Présidentielle américaine : Facebook manipule-t-il les électeurs ?
A quelques mois de l'élection, le réseau social est accusé d'avoir sciemment choisi de ne pas mettre en avant des contenus et des thématiques conservatrices.
Censure. Le mot est lâché par le New York Post (en anglais) à la une de son édition du mardi 10 mai. "Vous ne lirez pas ça sur Facebook", titre le quotidien américain. Car le réseau social fondé par Mark Zuckerberg est accusé aux Etats-Unis d'avoir manipulé les sujets présentés comme des "tendances" sur son site, aux dépens notamment des conservateurs américains. De quoi alimenter les conversations sur l'influence de Facebook auprès de ses 167 millions d'utilisateurs outre-Atlantique, à quelques mois de la présidentielle de novembre prochain.
A l'origine de ces accusations, le module "Trending", absent de la version française de Facebook, qui met en avant les sujets les plus discutés sur le réseau social. Les thèmes choisis sont, en théorie, identifiés par un algorithme qui repère le nombre total de mentions, ou aussi une forte augmentation des partages sur un court laps de temps. Selon le site Gizmodo (en anglais), lundi 9 mai, ce service fonctionne en réalité comme une rédaction qui opère des choix éditoriaux affirmés, certains individuels, d'autres collectifs.
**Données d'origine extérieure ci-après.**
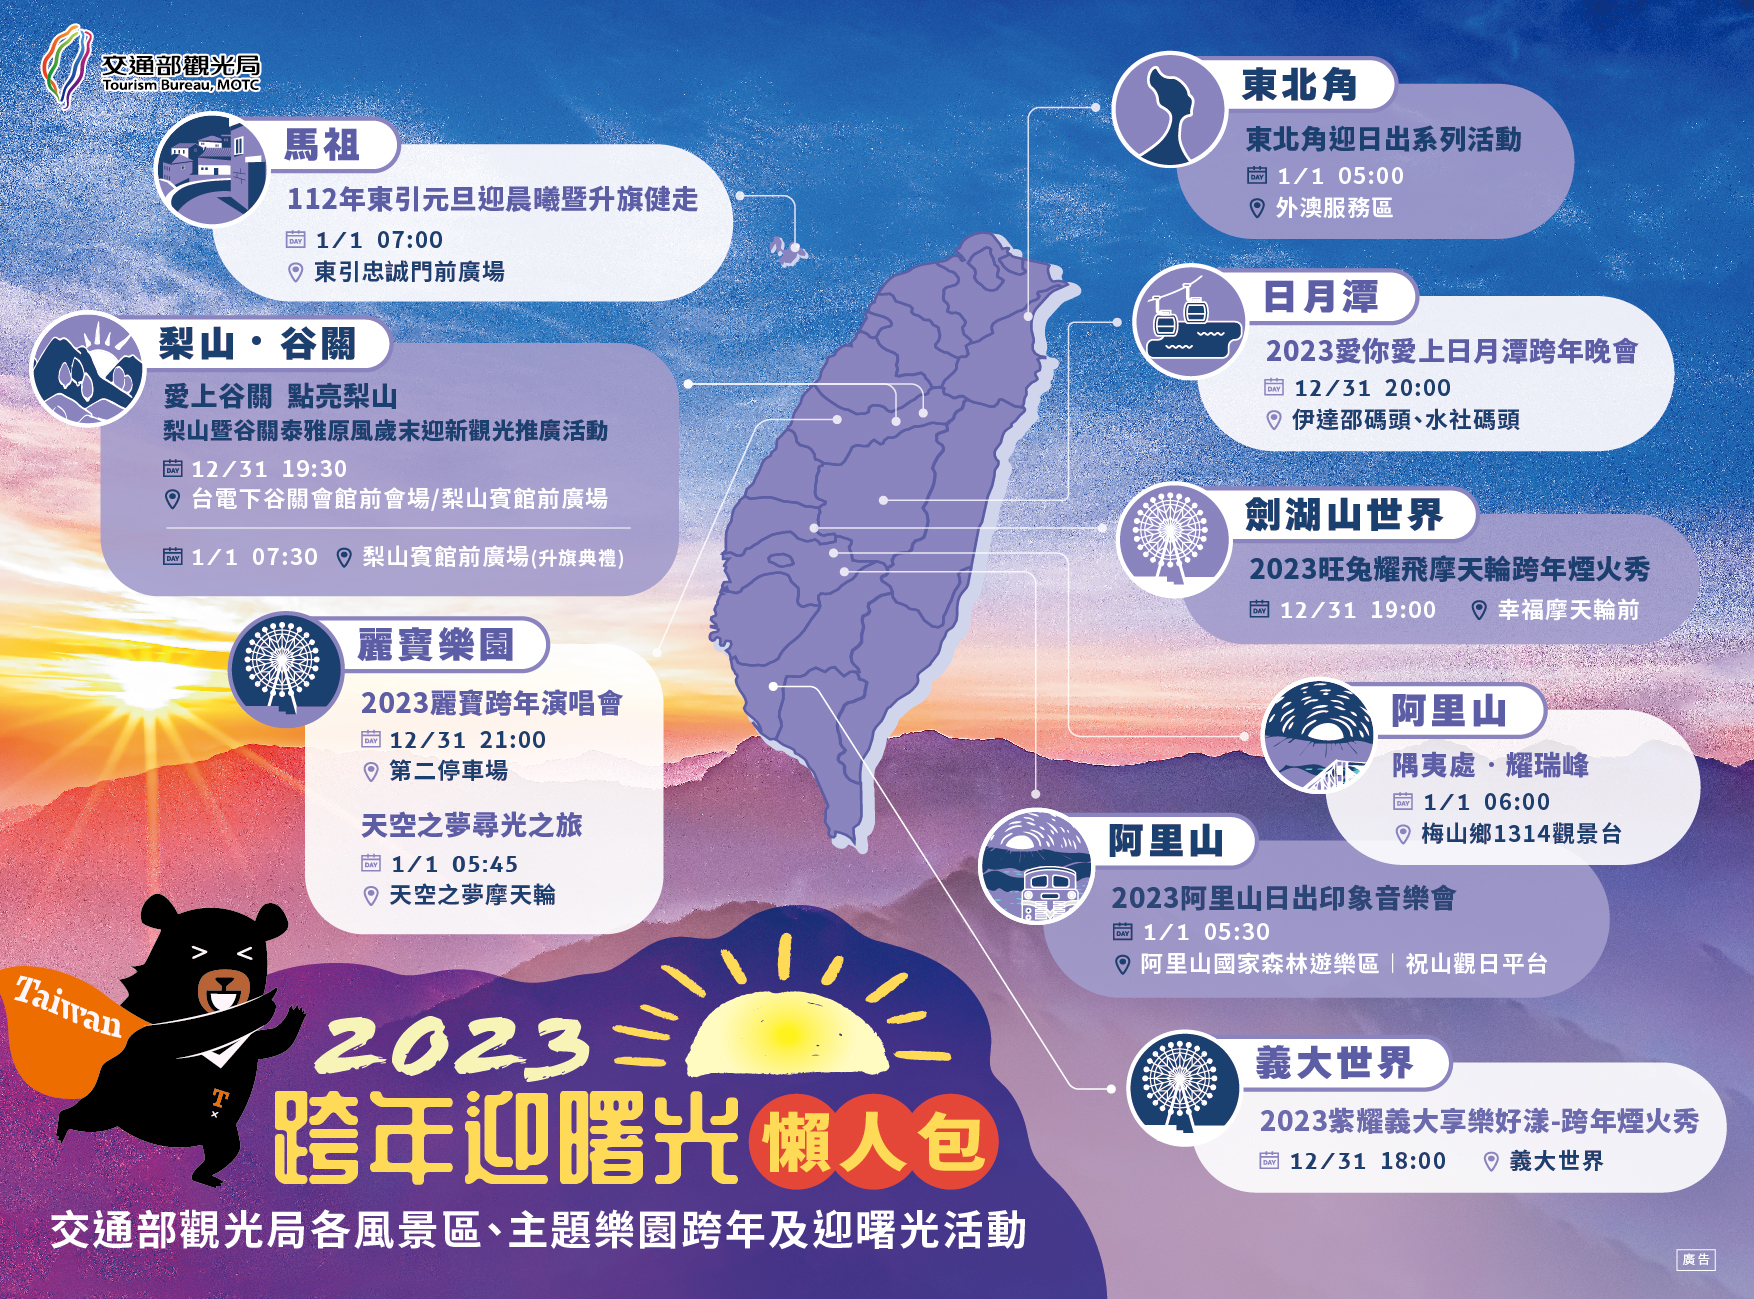 2023跨年迎曙光懶人包(全區)

Gizmodo rapporte notamment le témoignage d'un ancien "curateur" de Facebook, chargé d'éditer ce module. Ce dernier, de sensibilité conservatrice, assure que certains de ses collègues choisissaient sciemment d'éviter les thématiques ou les sources à droite de l'échiquier politique. Le site Drudge Report, l'éditorialiste Glenn Beck ou les républicains Mitt Romney, Ted Cruz et Scott Walker auraient ainsi été écartés, alors que leur nom faisait surface dans les discussions des utilisateurs de Facebook.
Des allégations "infondées", répond Facebook
L'ensemble des témoins cités assure que ce traitement éditorialisé n'était pas le résultat d'instructions données par l'encadrement mais de l'initiative de jeunes journalistes orientés par leurs opinions politiques marquées à gauche. En revanche, des consignes ont bel et bien été données, selon les prestataires interrogés par Gizmodo, pour que des sujets qui ne suscitaient pas d'activité suffisante soient pourtant intégrés aux tendances : ce serait par exemple le cas de la Syrie.
Autant d'allégations "infondées", à en croire un porte-parole du groupe, interrogé par l'AFP. "Facebook est une plateforme ouverte aux gens et aux perspectives de tout le spectre politique, abonde l'un de ses vice-présidents, Tom Stocky. Des directives rigoureuses ont été données à nos éditeurs pour assurer cohérence et neutralité. Ces directives ne permettent pas la suppression de perspectives politiques. Elles ne permettent pas non plus de favoriser un point de vue plutôt qu'un autre ou une source plutôt qu'une autre."
Facebook sponsorisera la convention républicaine
La controverse n'arrange pas les relations du réseau social avec le camp républicain. En avril déjà, le patron de Facebook, Mark Zuckerberg, avait dénoncé les "voix qui demandent de construire des murs", référence à peine voilée à la proposition de Donald Trump d'édifier une telle séparation entre les Etats-Unis et le Mexique, rappelle Politico (en anglais). "Qu'il laisse les politiciens faire leurs politiques", avait répliqué la porte-parole du milliardaire.
Comment une entreprise qui a permis à des voix en Iran et en Egypte de se faire entendre et de déclencher une révolution peut-elle réduire au silence d'autres voix ici ?
Pour tenter d'éteindre la polémique, Mark Zuckerberg a invité plusieurs personnalités conservatrices à le rencontrer mercredi 18 mai. L'éditorialiste Glenn Beck, ancienne figure de Fox News, raconte avoir ainsi été contacté. Car il est impossible pour la firme d'aliéner une large partie de la population américaine. Facebook sponsorisera d'ailleurs les conventions démocrate et républicaine de juillet, où seront investis les prétendants à la Maison Blanche, note le Guardian (en anglais). Une manière de "faciliter un dialogue ouvert entre les électeurs, les candidats et les élus". Mais en aucun cas un soutien à l'un ou l'autre des partis, précise le réseau social.